There has been speculation on whether Apple may have to rethink whether they need to adopt a differentiated approach if they want to get the customer that can spend between Dhs 1,000 - Dhs 2,000.  At the moment, the approach from Apple has been that they don't target the low end but with other brands active in the lower priced price brackets, could Apple be forced to offer another device?  Only time will tell.


Android

Android and Samsung became synonymous in 2012.  Prior to 2012, HTC could've probably claimed to have been the King of the Hill as far as Android adoption went but starting with Samsung's Galaxy series, the balance of power in the Android world started to shift in Samsung's favour.

Android has gained market share faster than any other platform in 2012 but apart from flagship products like the Samsung Galaxy S3 and Galaxy Note 2, Android as an operating system has capitalized from a basket of products that brands like Samsung have been able to offer.  For example, you can find Samsung products running on Android in the sub Dhs 500 price bracket as well those in the priced at over Dhs 2,000.  Samsung has also been able to differentiate itself due to products such as those with dual SIM cards which aren't available on other smartphone platforms.  Android has a slew of Apps available in the Google Play store and by default all tablets at the low end of the market run on Android.  There are a few flagship devices on Android like Samsung's Galaxy Tab or Google's Nexus series but the lion's share of the market on Android tablets has been eaten up by the OEM brands.  With the pricing strategy and suite of products that brands like Samsung maintains, Android as an operating system should continue to prosper in 2013.


Windows Phone 8

If the Android battle is all about Samsung, then the battle for Windows Phone 8, is all about Nokia.

For Nokia, it's all an upside for them as they move into a more level playing field with the Windows Phone 8 powered Lumia devices.  Till now Nokia, who once led the smartphone race with their Nokia Communicator series, found themselves left behind as most brands innovated on operating systems and user experiences like that seen in Apple's iPhone.  Microsoft has thrown their muscle into learning from the mistakes that others like Palm made when trying to compete with Apple and are reliant on Nokia's core distribution and product reliability to gain market share.  The Lumia 920 is a complete smartphone and there is very little that you don't find on it.  No other device actually quite compares with the Lumia 920 at this stage.

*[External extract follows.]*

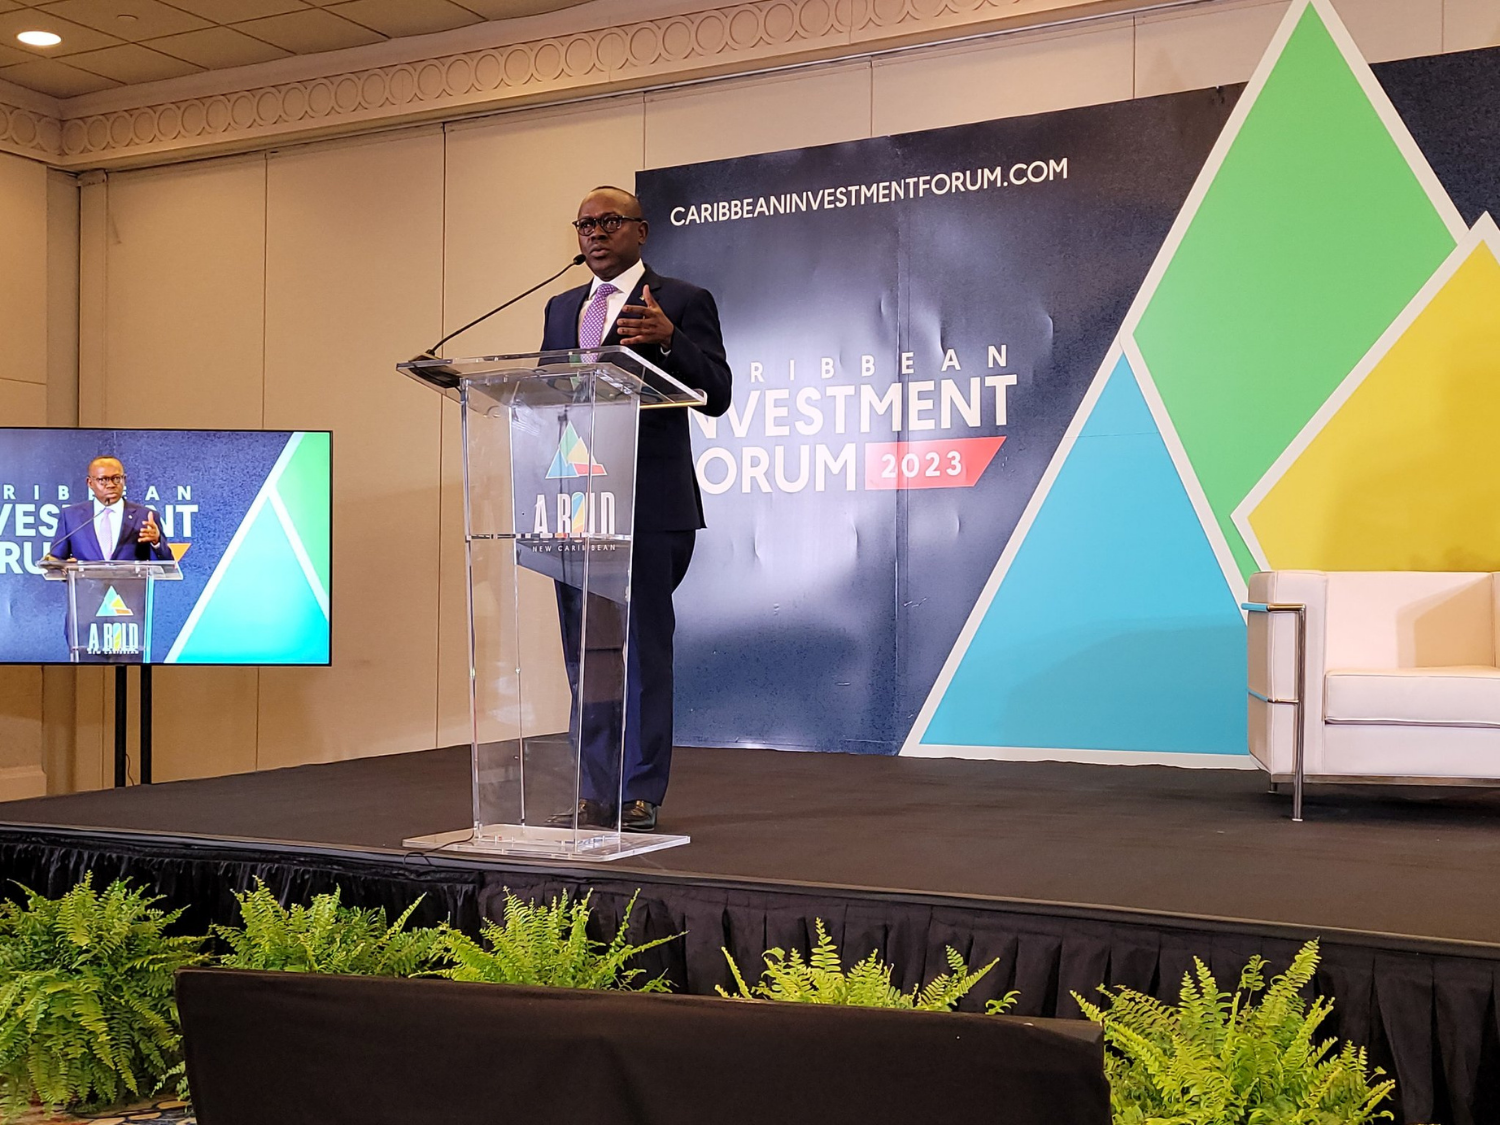 Le Forum 2023 sur l’investissement dans les Caraïbes promet des opportunités et des résultats audacieux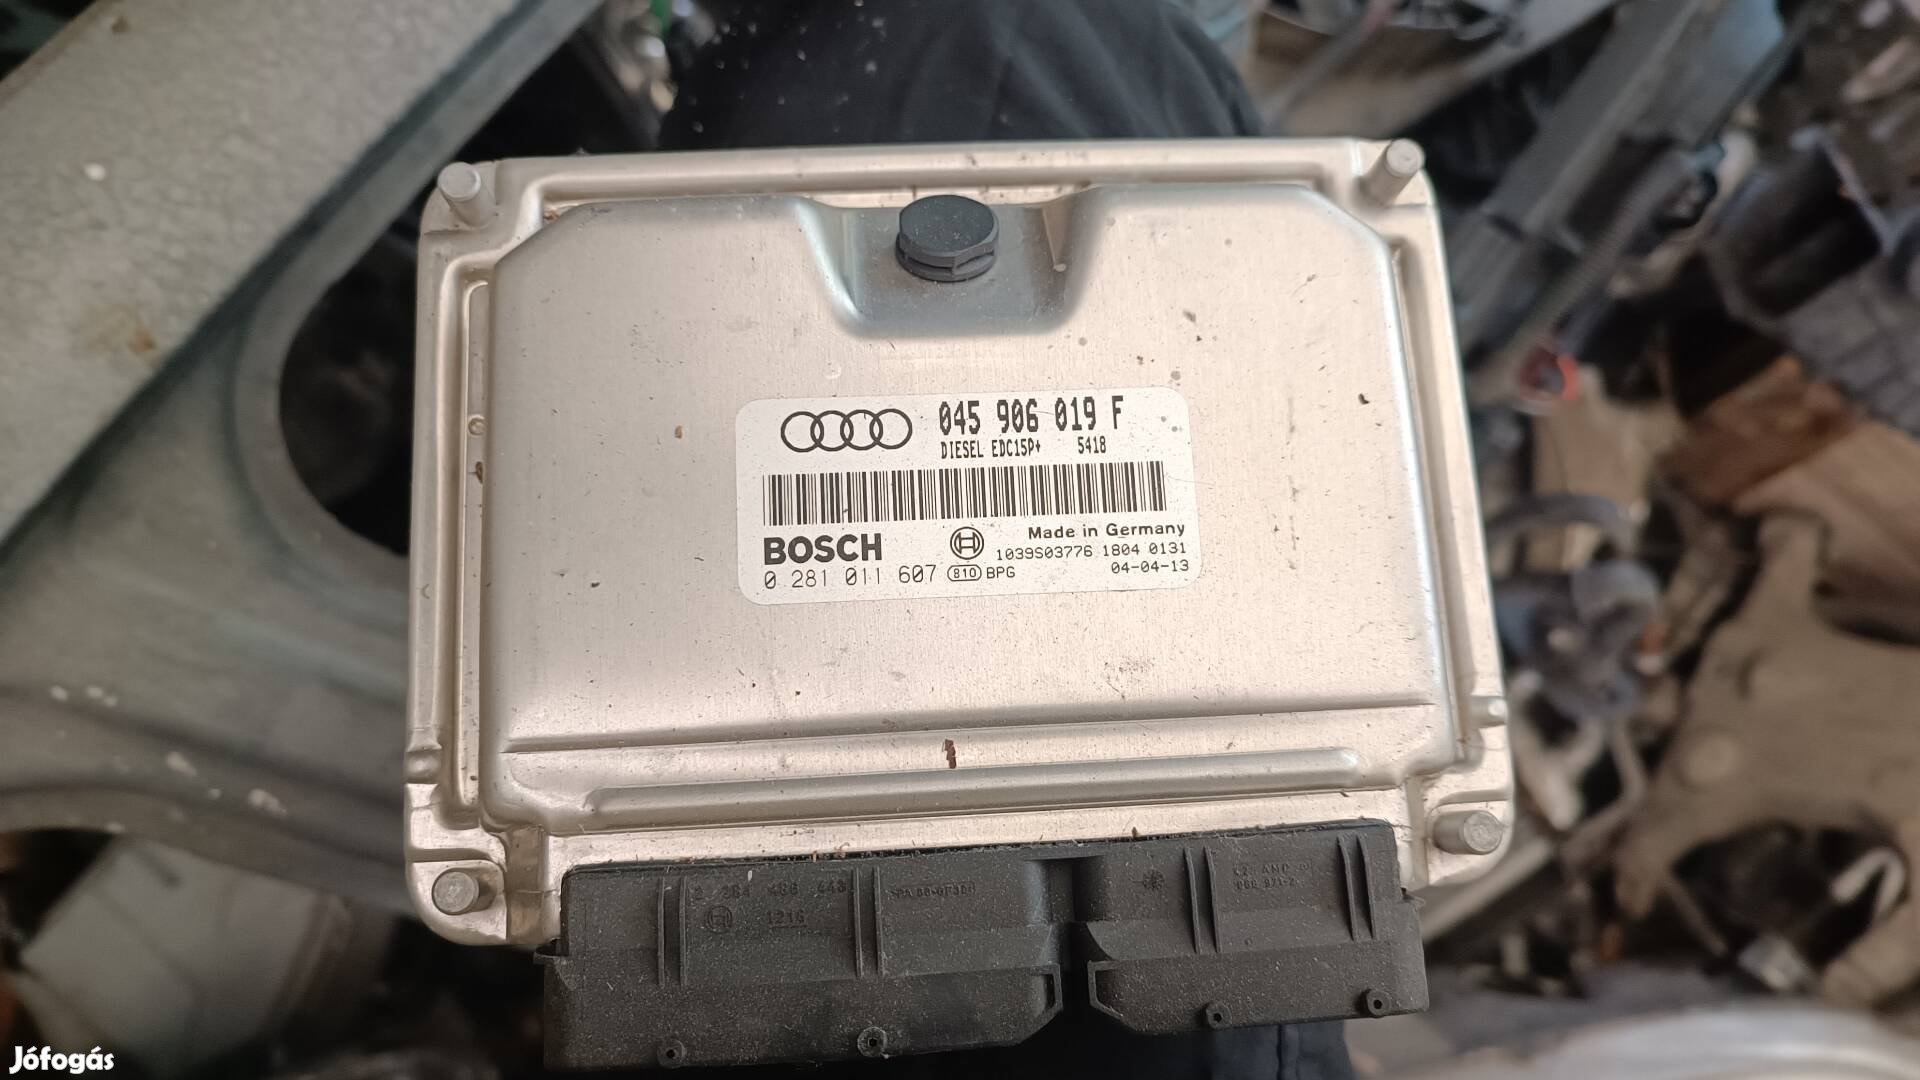 Audi a2 1.4 TDI edc15 045906019F motorvezérlő elektronika gyári

What Nokia is also doing right is building up a portfolio of devices like Samsung did so we have seen this month for example the introduction of the Lumia 620 which is priced at Dhs 899 that goes after the mass market consumer.  Nokia still has their Asha series of Symbian based smartphones at the very low end and this could be a base that potentially buys a Lumia one day.  
The Lumia 620, on sale now for Dhs. 899

The App universe on Windows Phone 8 should also continue to grow as Microsoft has ensured they get most available on that platform.  The advantage that brands like Nokia will eventually end up enjoying is that most laptop or PC devices will end up running on Windows 8.  Even though the adoption rates may seem relatively slow, there will be little choice for most consumers as apart from Mac OS (which most consumers won't be in a position to afford), there is no other operating system for them to use.  This means that the App portfolio that Microsoft will have on the Windows 8 platform will grow exponentially during 2013 and 2014 to the point that  many App developers may not find it as much of a stretch to develop an App for Windows Phone 8 as well.  The only question is will they update Apps on Windows Phone 8 as often as they do on iOS or Android.

Nokia should grow in 2013 with Windows Phone 8 as there are still many more chinks in their armour and we can expect another flagship device from Nokia to replace the Lumia 920 some time during 2013.


Blackberry

Blackberry is in for the fight of its life in 2013.  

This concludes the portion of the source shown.